→ DATA SEGMENT:
■ ■ ■ ■ ■ ■ ■

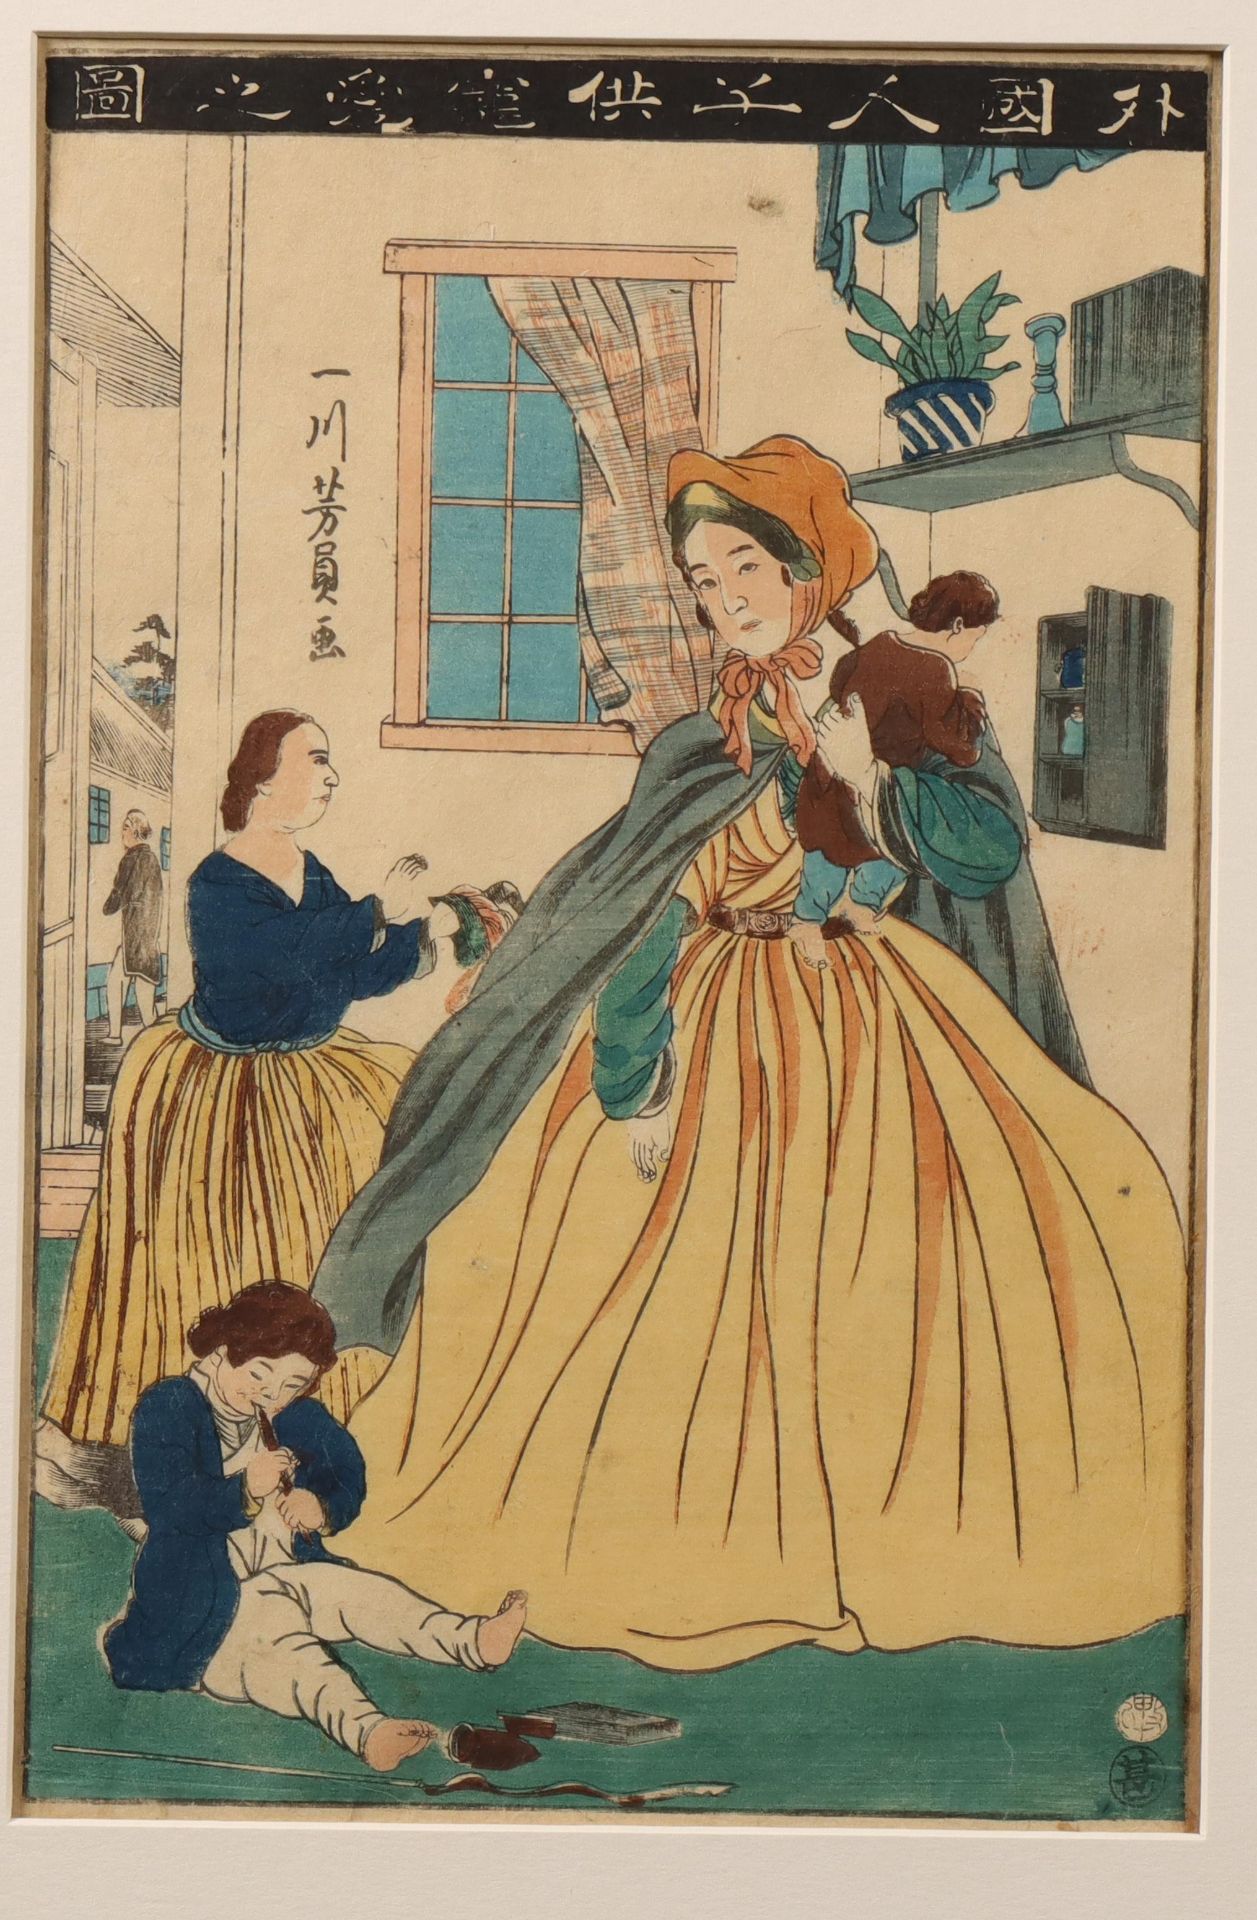 Japan, woodblock print by Utagawa Yoshikazu (act. 1850-1870),
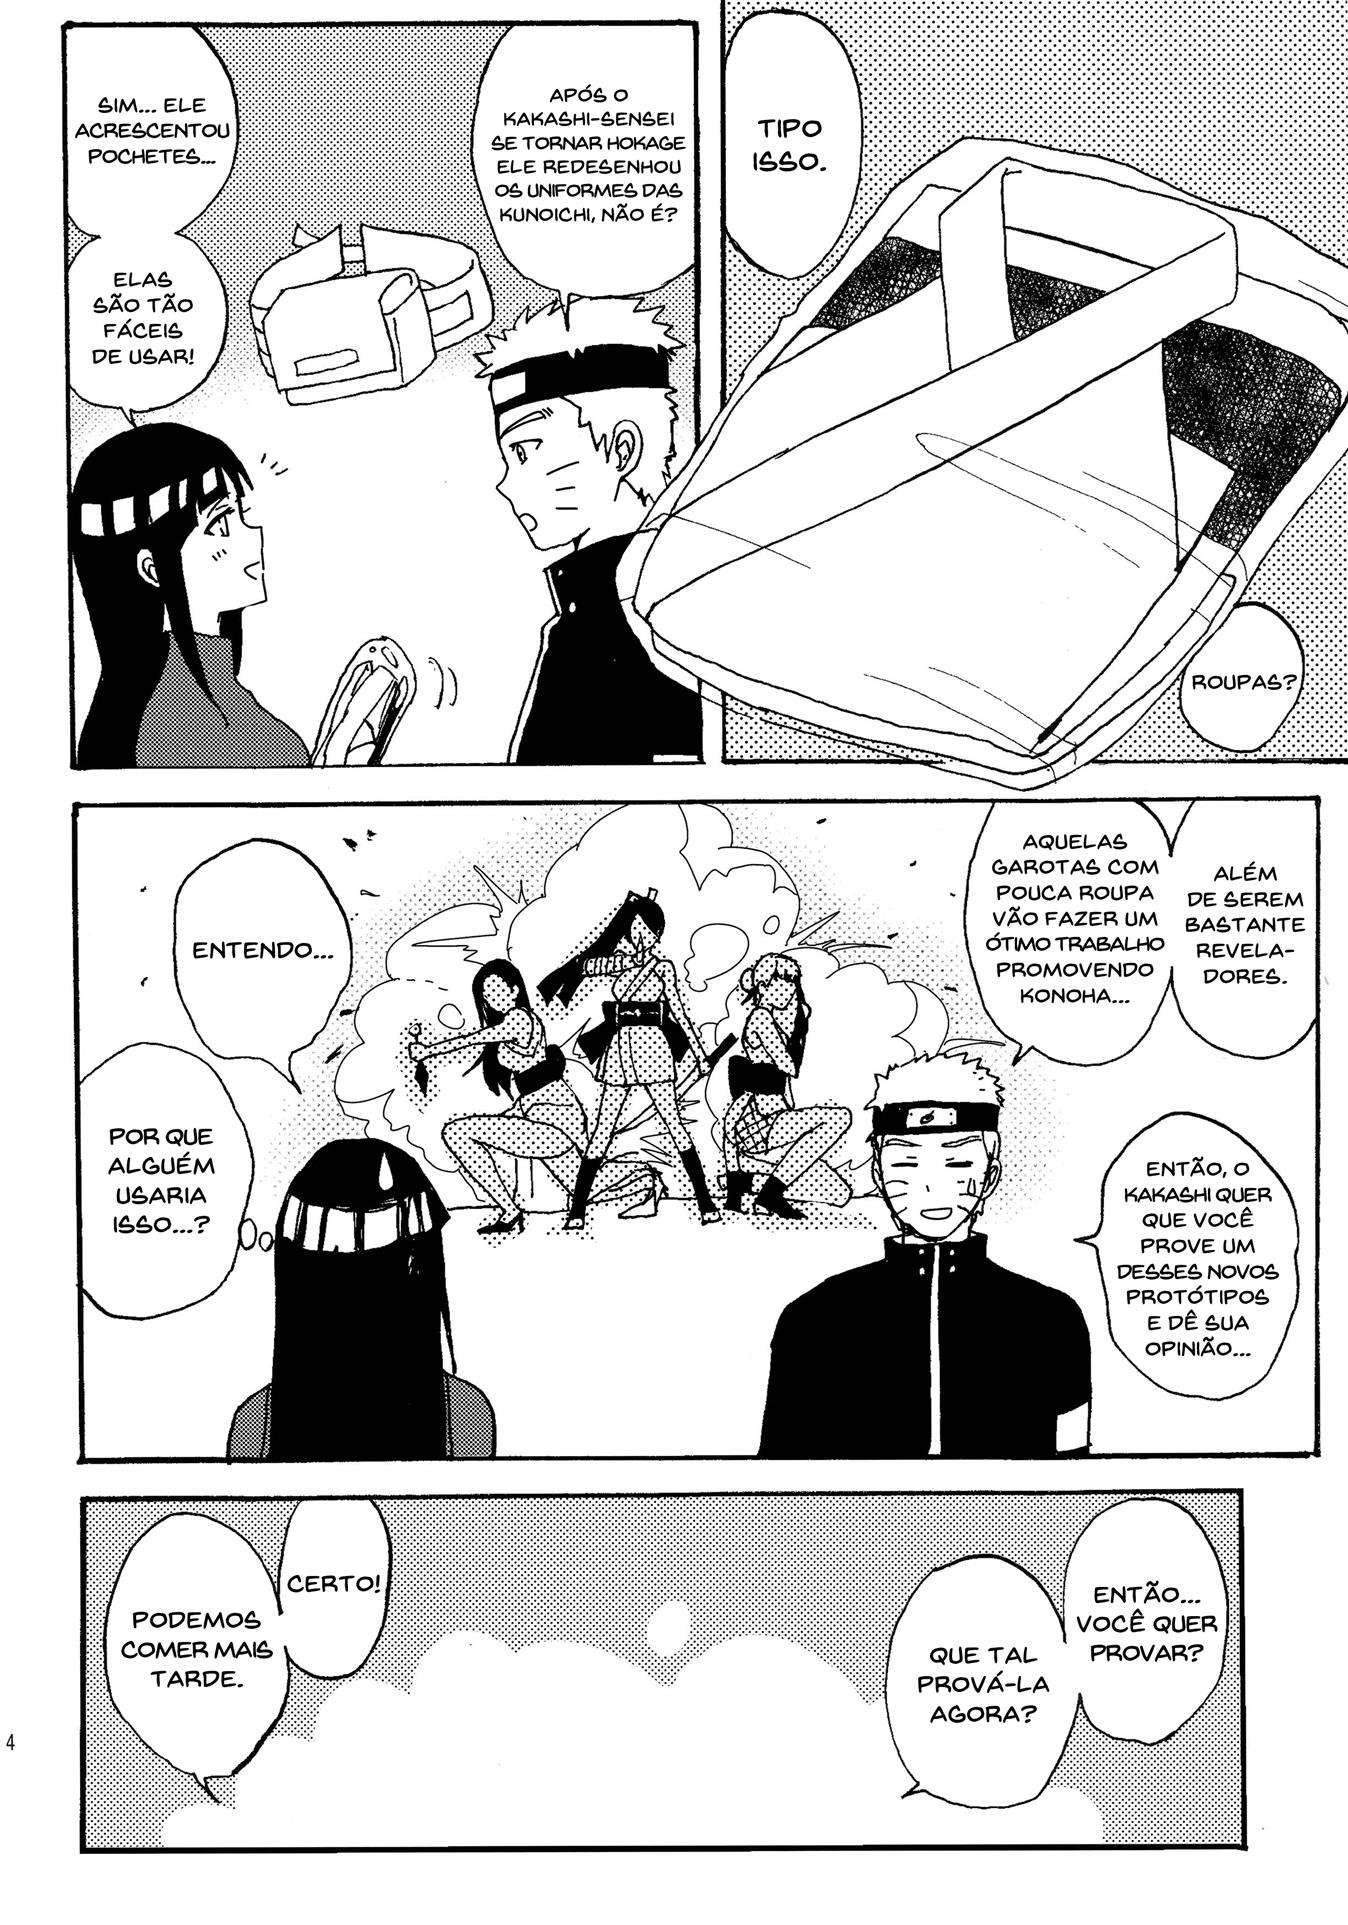 Naruto Hentai: Hinata provando o novo uniforme
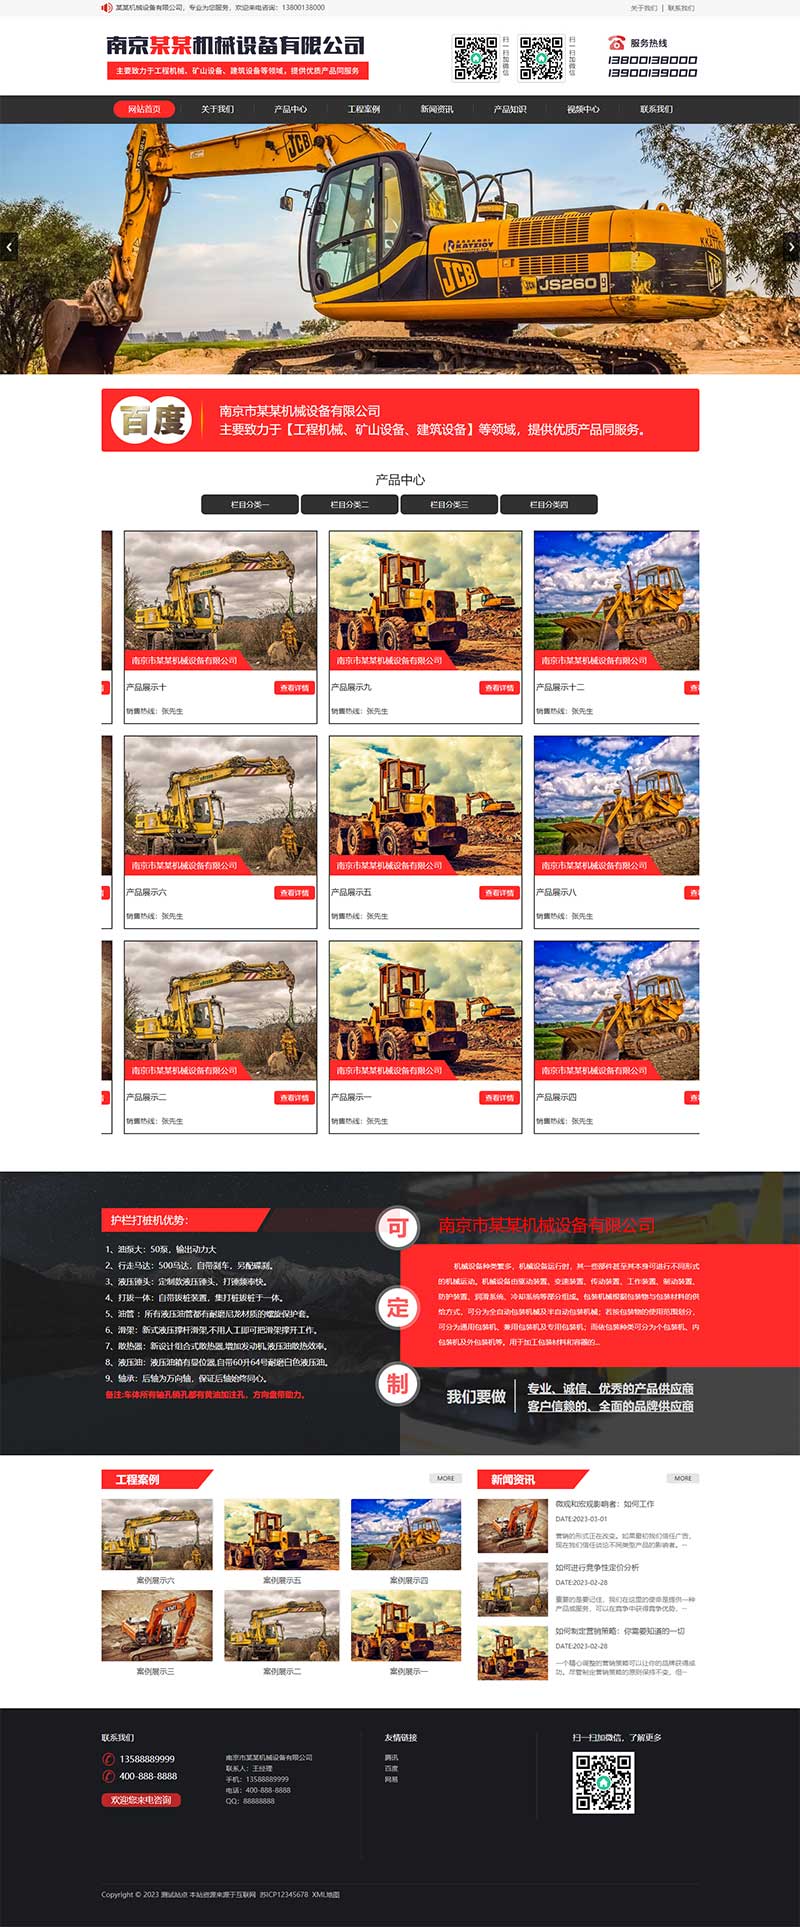 (PC+手机版)黑红风格挖掘机工程机械类企业网站源码电脑端展示图片

■ ■ ■ ■ ■ ■ ■

→ PROBLEM: Transcribe only the lines from the line holding "Naruto Hentai: Hinata" to the final line of the listing above. Keep them exact, include both ends, and skip the pictures.

→ SOLUTION TO THIS EXERCISE:
 Naruto Hentai: Hinata provando o novo uniforme
 (PC+手机版)黑红风格挖掘机工程机械类企业网站源码电脑端展示图片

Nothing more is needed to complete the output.